Mini-chromosome stability assays with pARS1wt and pRS305 were performed as in [23], [24]. Suppression of plasmid loss in W303, mcm5-461, orc2-1 and orc5-1 cells was performed by double transformation with pARS1wt and pGBKT7 or pGBKT7-GCN5, respectively. Cells were selected on SC-trp-ura plates. Three individual colonies were inoculated in SC-trp to allow for retention of the pGBKT7 episomes and for loss of pARS1wt and grown for 20 generations. Each culture was serially diluted 1/10, and 5 ul of each dilution were spotted on both SC-trp-ura and on SC-trp plates.
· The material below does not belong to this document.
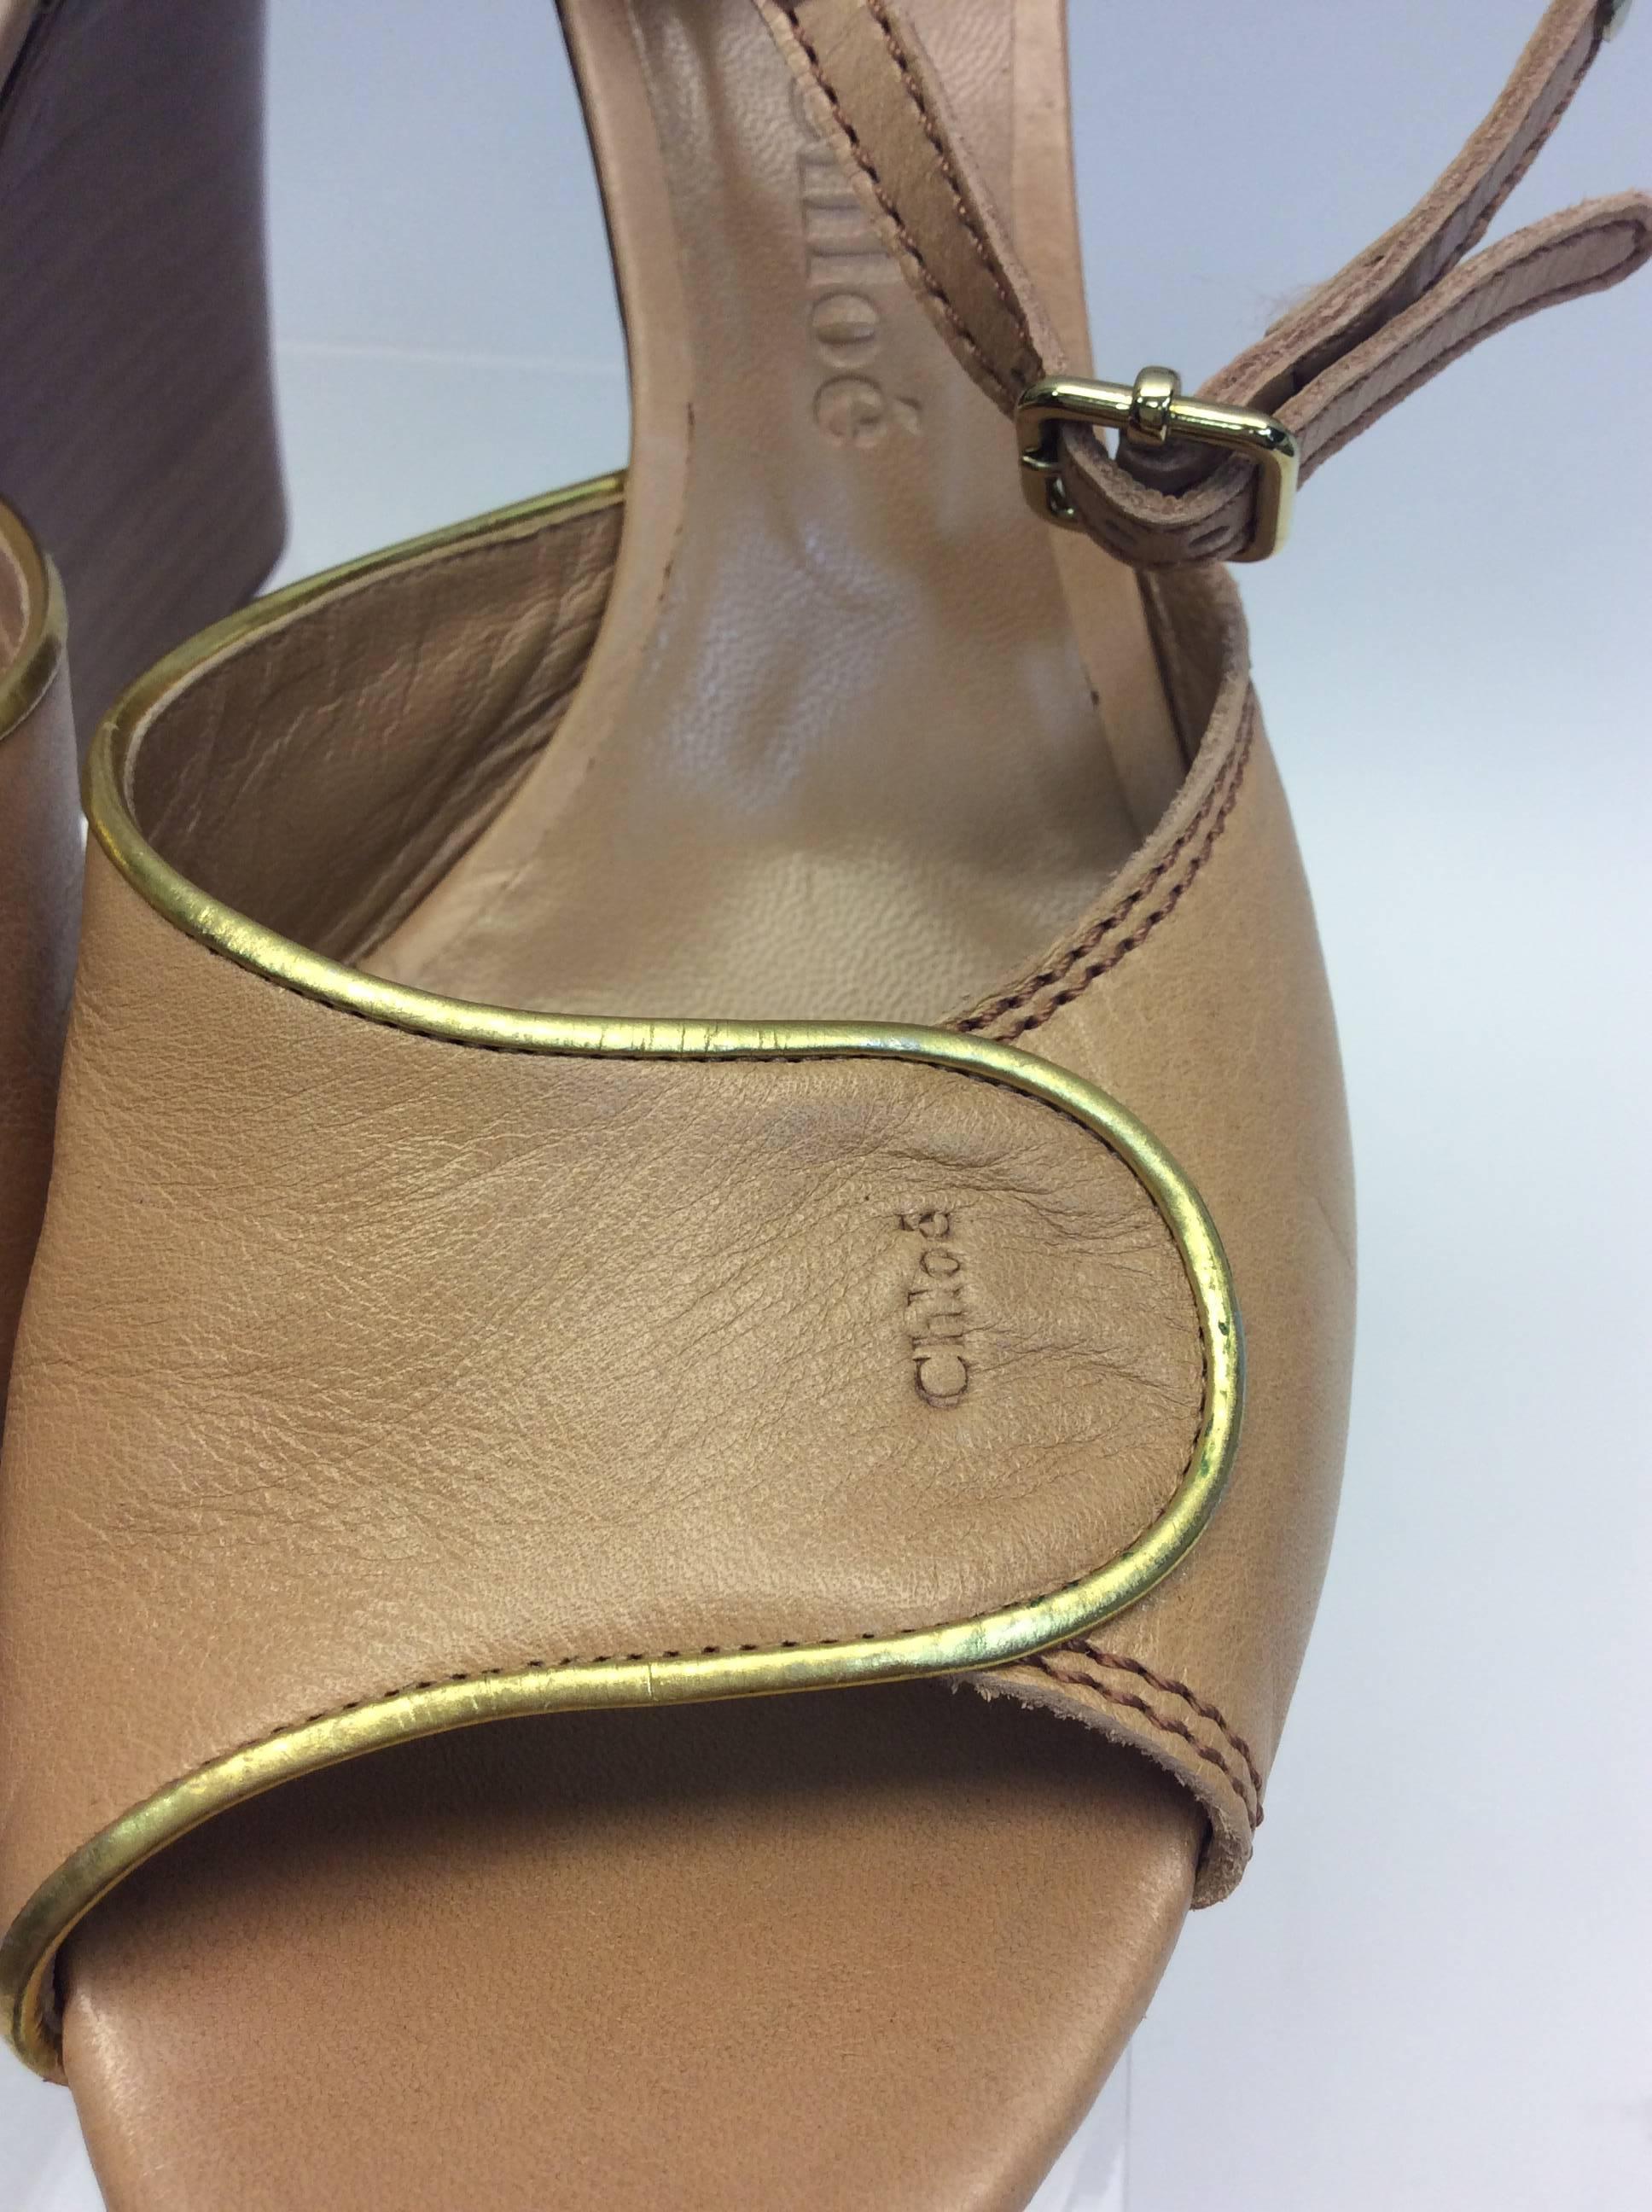 Chloe Tan Leather Wedge For Sale 1

Assays with pARS1/-B23/GAL4 were performed by co-transforming in DF5gal4Δ cells with pARS1/-B23/GAL4 together with pGAL4DBD-GCN5, pGAL4DBD-GCN5(KQL), pGAL4DBD-SAS2, pGAL4DBD-SAS3, pGAL4DBD-ESA1 and pGAL4DBD-HAT1, respectively. Cells were selected on SC-his-ura plates, grown for 20 generations in SC-his and then plated on SC-his and SC-his-ura. In all cases plasmid loss was calculated as in [23].
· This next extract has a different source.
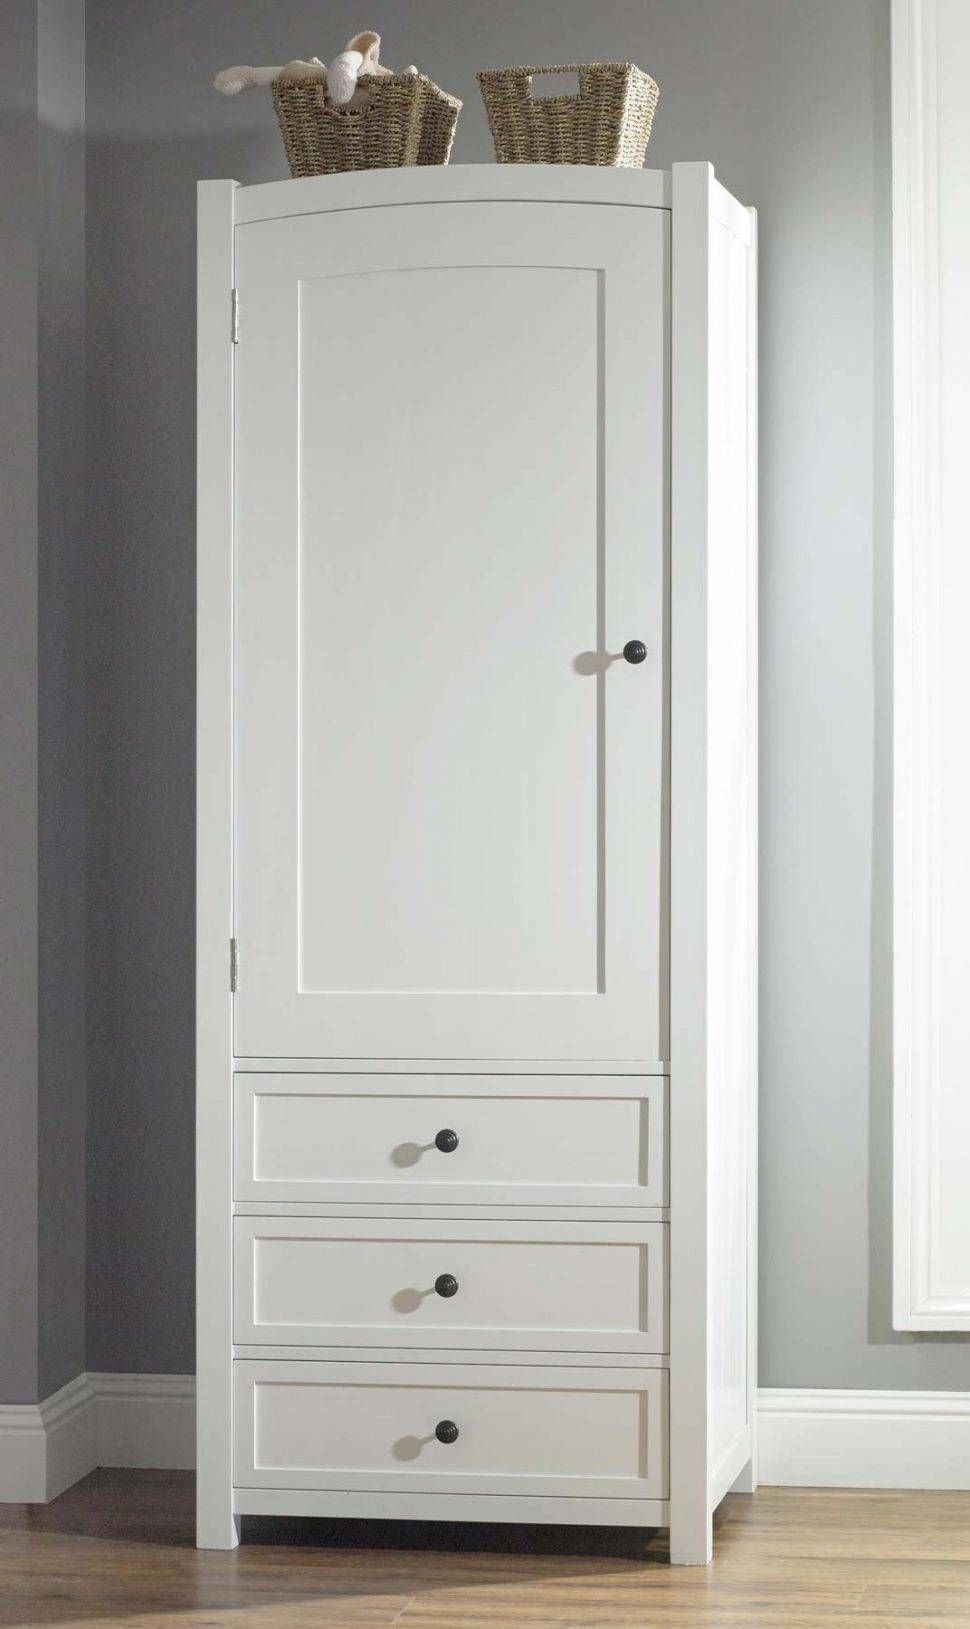 Wardrobe : 39 Formidable White Wooden Wardrobe With Drawers Photo Pertaining To Large White Wardrobes With Drawers (View 10 of 15)

Chromatin Immuno-Precipitation (ChIP)

We used a protocol, which favors weaker protein interactions with chromatin. It includes a second cross-linking agent with a longer arm in the cross-linking step [25]. Briefly, GCN5-MYC or ADA3-MYC cells at OD600 = 1.0 in YPD were cross-linked with 1.6% formaldehyde for 30 minutes at 25°C and then suspended in 10 ml PBS/10 mM DMA(Pierce)/0.2%DMSO for another 30 minutes at 25°C. The cross-linking was quenched with 2.5 ml of 2.5 M glycine, cells were collected and crushed by glass beads in LB/IP buffer (50 mM Tris.HCl, 140 mM NaCl2, 5 mM EDTA, 1x PI cocktail (Sigma)) and sonicated by 12 bursts of 30 seconds at maximum output of Micronix cuphorn to produce fragments of about 500 bp. Chromatin was extracted in LP/IP plus 0.3% TX100 and 0.05% Na deoxycholate and immuno-precipitated overnight with anti-MYC beads (Sigma). The beads were washed three times with 1 ml LB/IP/0.5% TX100, 0.05% Na deoxycholate, one time with 1 ml LB/IP plus 350 mM NaCl, one time with 150 ul TE plus 10 mM NaCl (Final Wash) and eluted/uncrosslinked overnight in 150 ul TE/0.2% SDS at 65°C. After treatment with Proteinase K, DNA was extracted by Phenol/Chloroform and precipitated. The fragments of interest were quantified by PCR (after confirming linear range of amplification with crude genomic DNA) and ImageQuant software. Primer sequences are provided (Suppl. Table S1).

For the analysis of MCM loading on origins, BY4247 and Δgcn5 cells were grown at 23°C in YPD to OD600 = 1.0, arrested in Mitosis with 12 µg/ml Nocodazole for 3.5 hours, then released from mitotic arrest in fresh YPD. Aliquots of 100 ml were cross-linked and processed as above. Immunoprecipitation was conducted with a mixture of 2 ug each of anti-yMCM2 and anti-yMCM5 antibody (Santa Cruz) and Protein G beads (Sigma). Washing, elution, reversal of cross-linking and PCR were as described above.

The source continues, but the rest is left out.